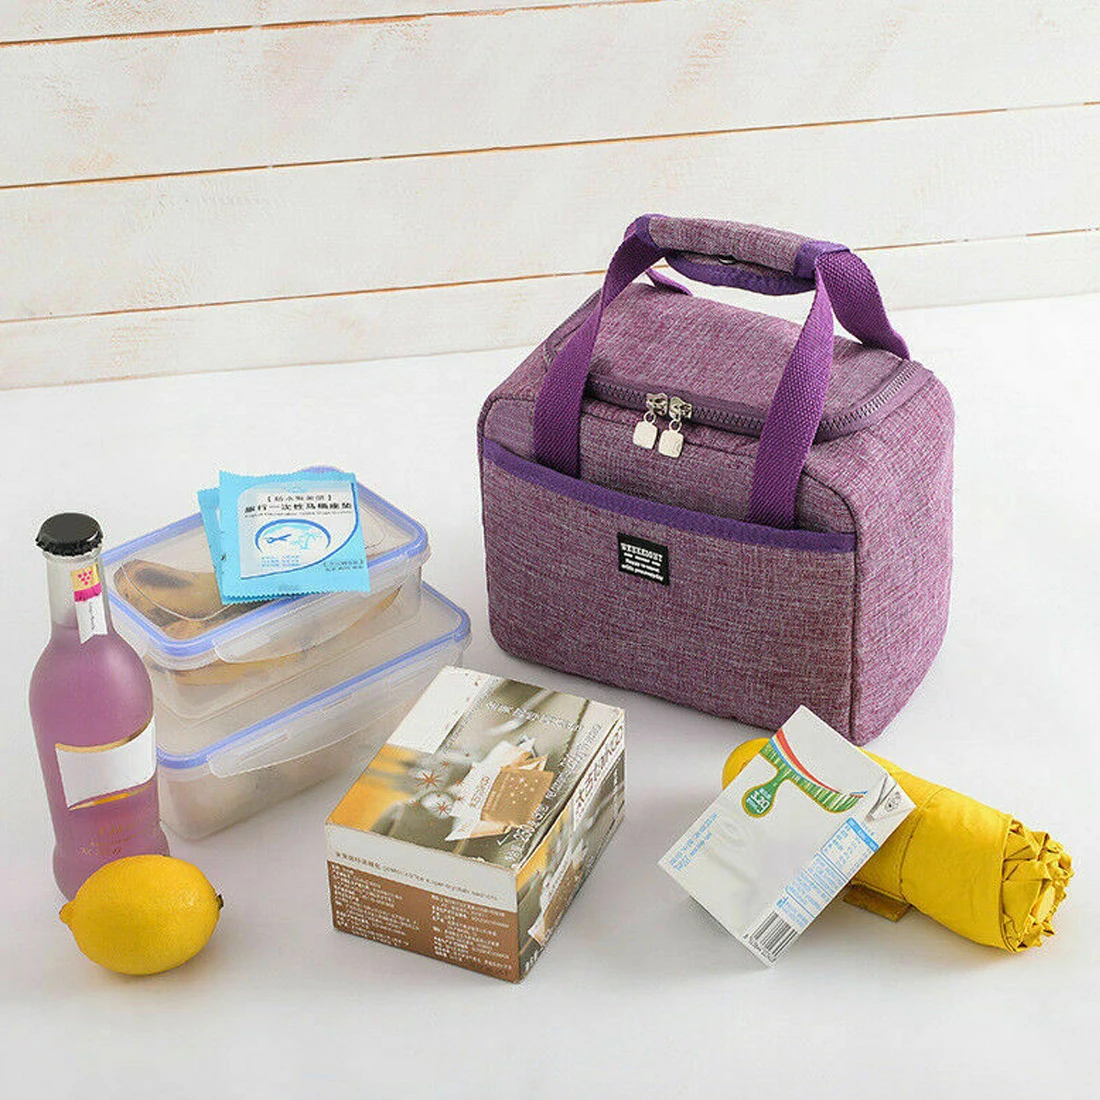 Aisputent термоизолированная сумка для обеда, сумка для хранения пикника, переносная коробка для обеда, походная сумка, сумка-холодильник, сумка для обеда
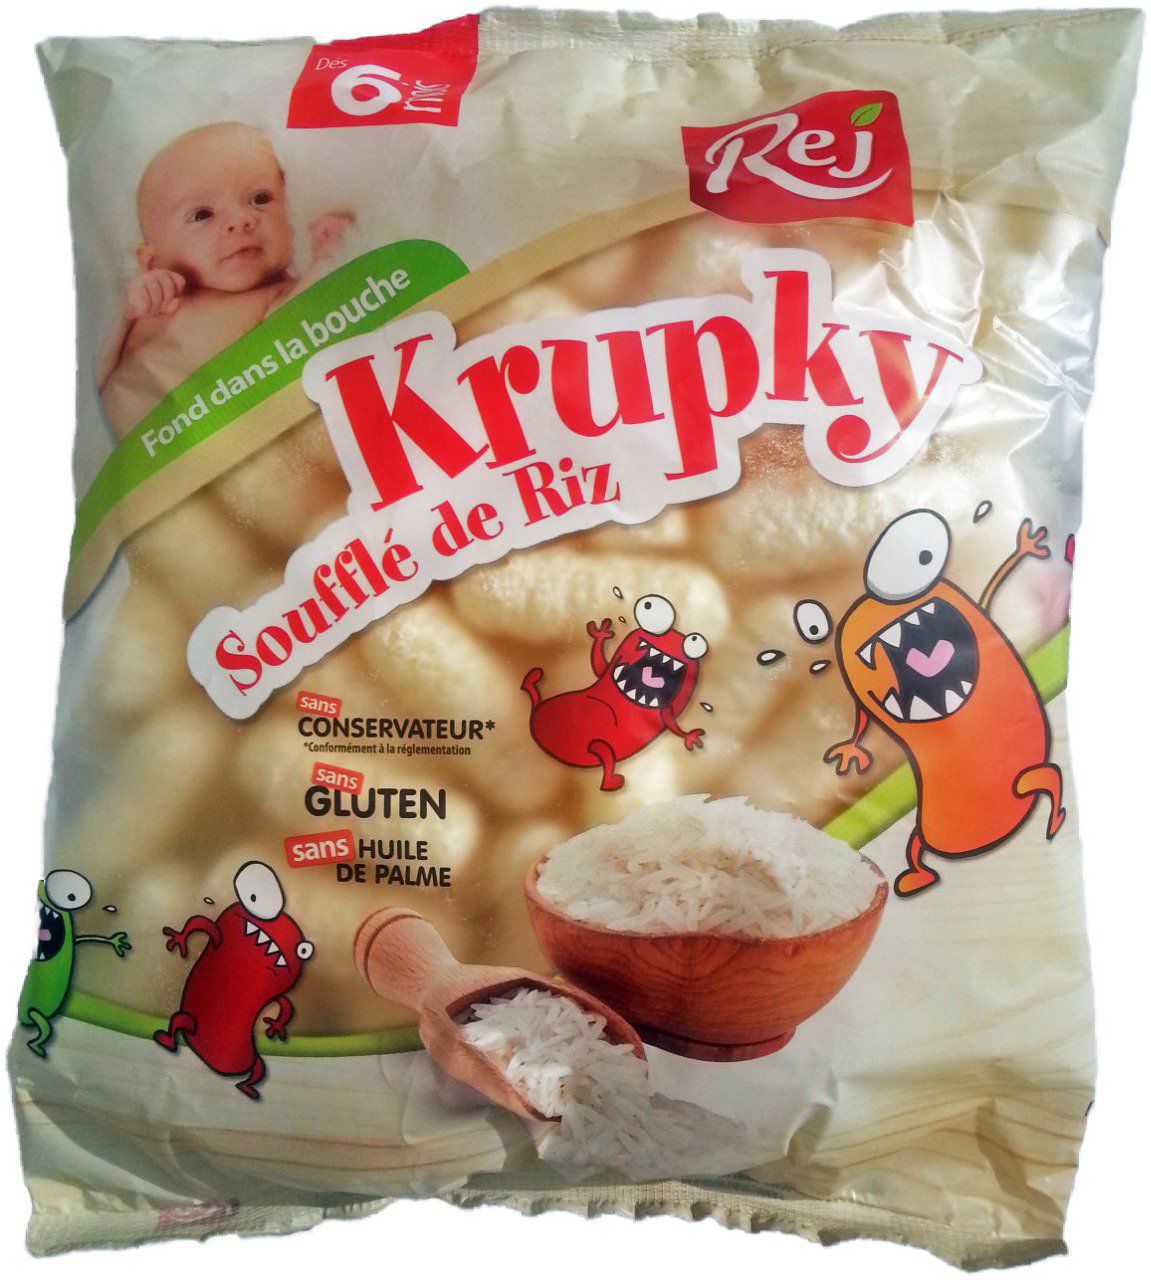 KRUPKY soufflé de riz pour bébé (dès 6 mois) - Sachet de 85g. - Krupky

#####

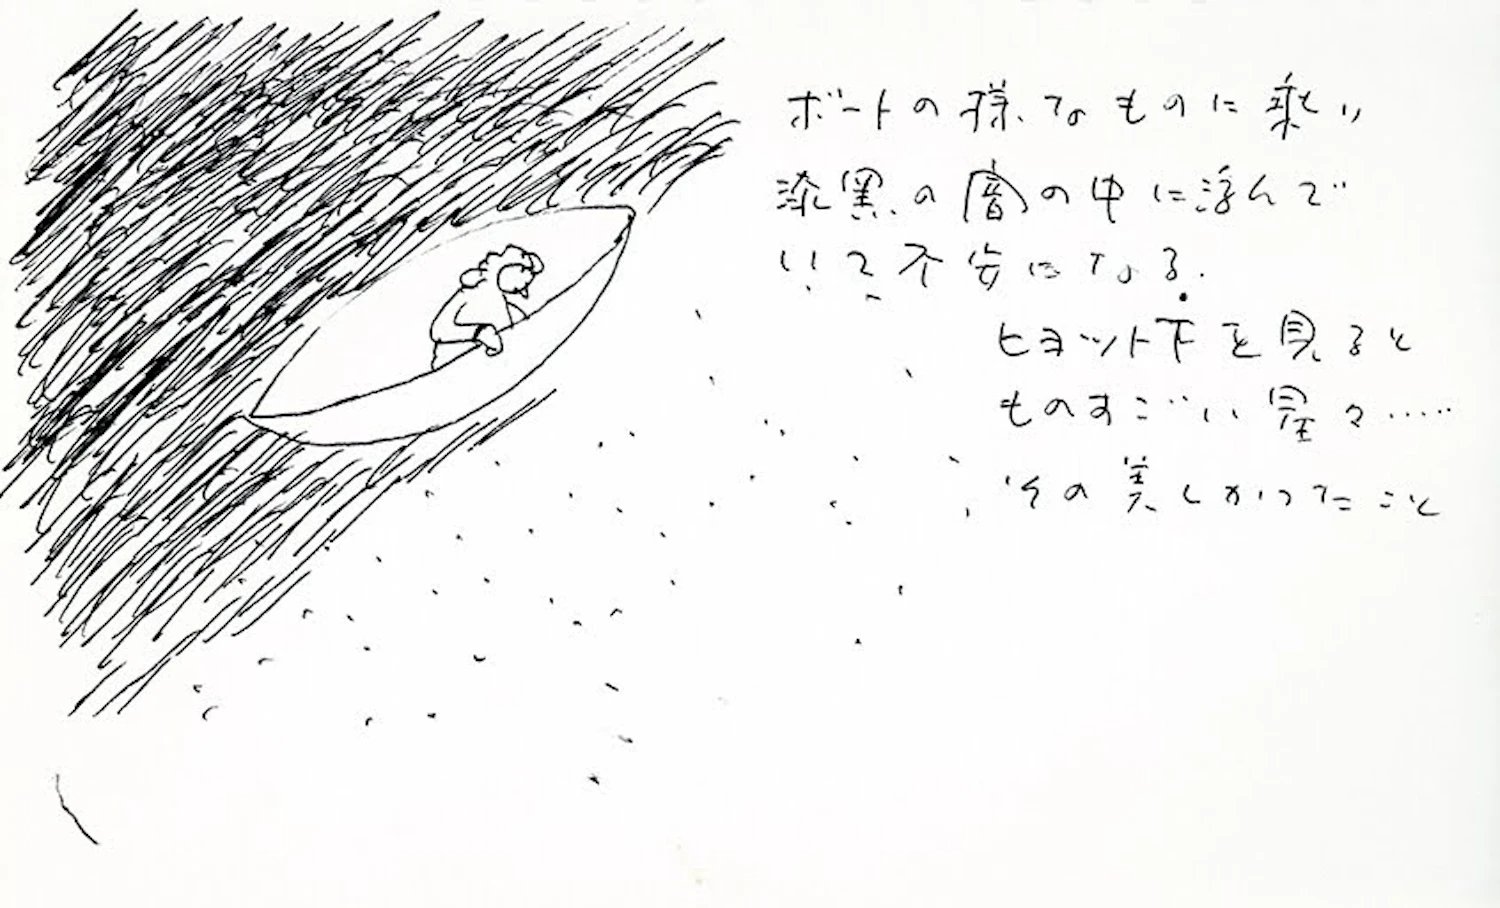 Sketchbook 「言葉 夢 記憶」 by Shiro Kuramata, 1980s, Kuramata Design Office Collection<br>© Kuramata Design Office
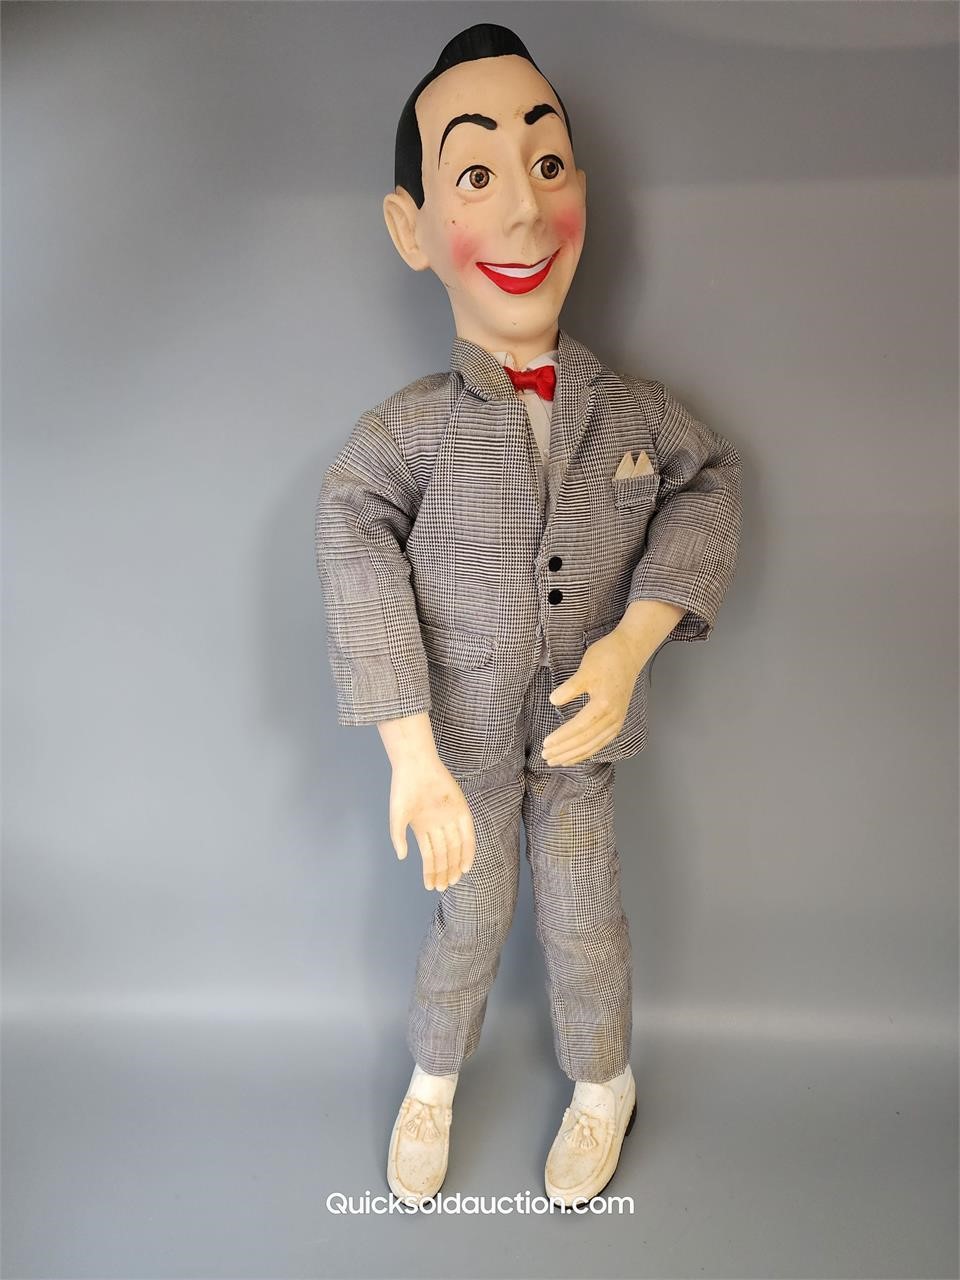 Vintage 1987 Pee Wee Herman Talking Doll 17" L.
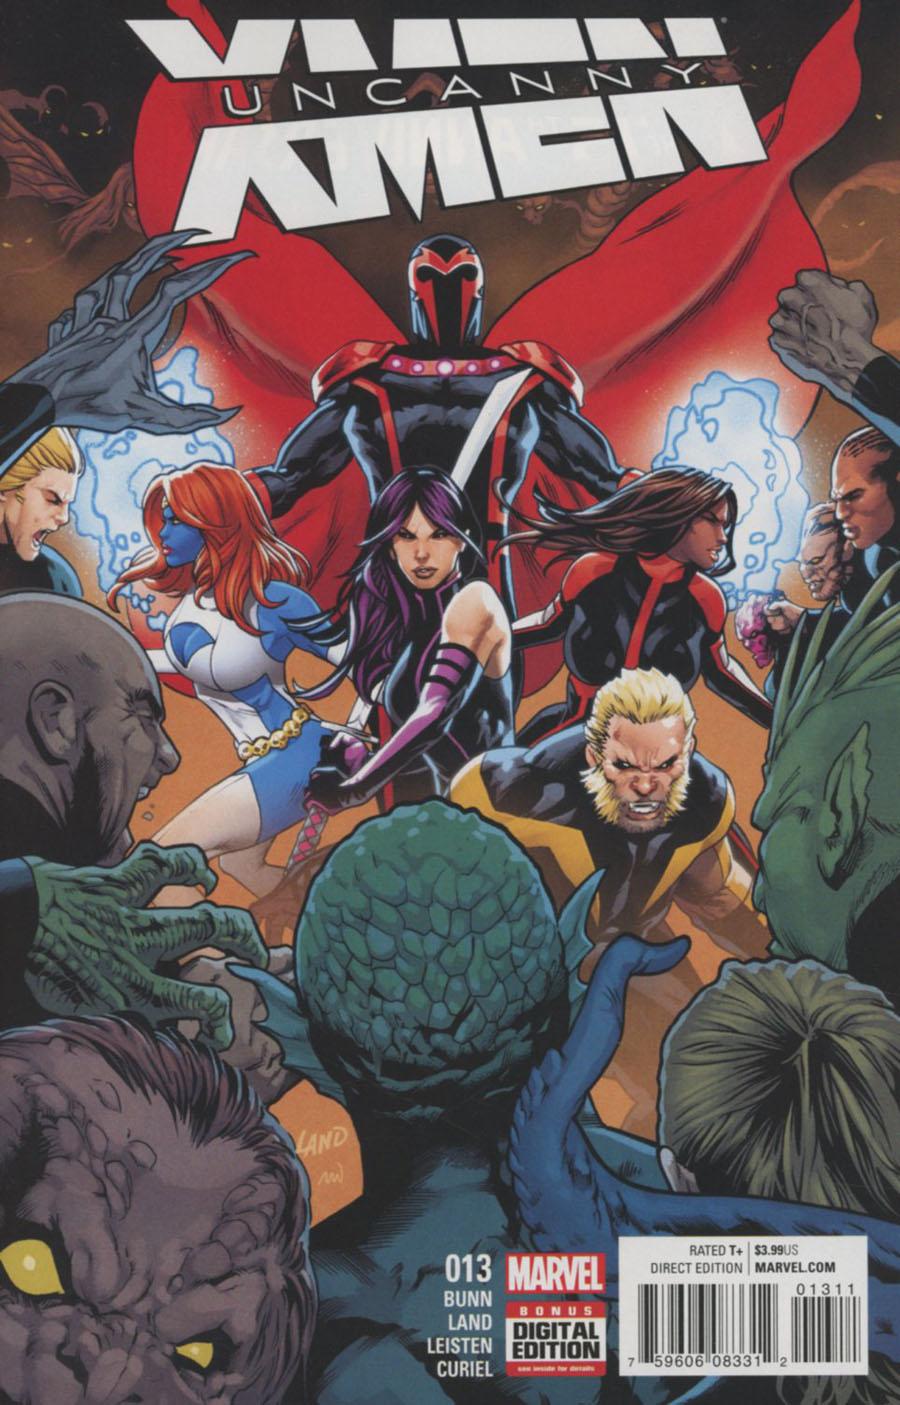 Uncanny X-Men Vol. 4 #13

#####

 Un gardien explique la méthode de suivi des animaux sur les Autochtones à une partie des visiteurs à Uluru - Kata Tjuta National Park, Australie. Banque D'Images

#####

A clean copy is needed of the lines above from the one with "Vintage 1987 Pee" up to and including the one with "Uncanny X-Men Vol. 4 #13". Please set it down exactly, with no pictures.

 Vintage 1987 Pee Wee Herman Talking Doll 17" L.
 Uncanny X-Men Vol. 4 #13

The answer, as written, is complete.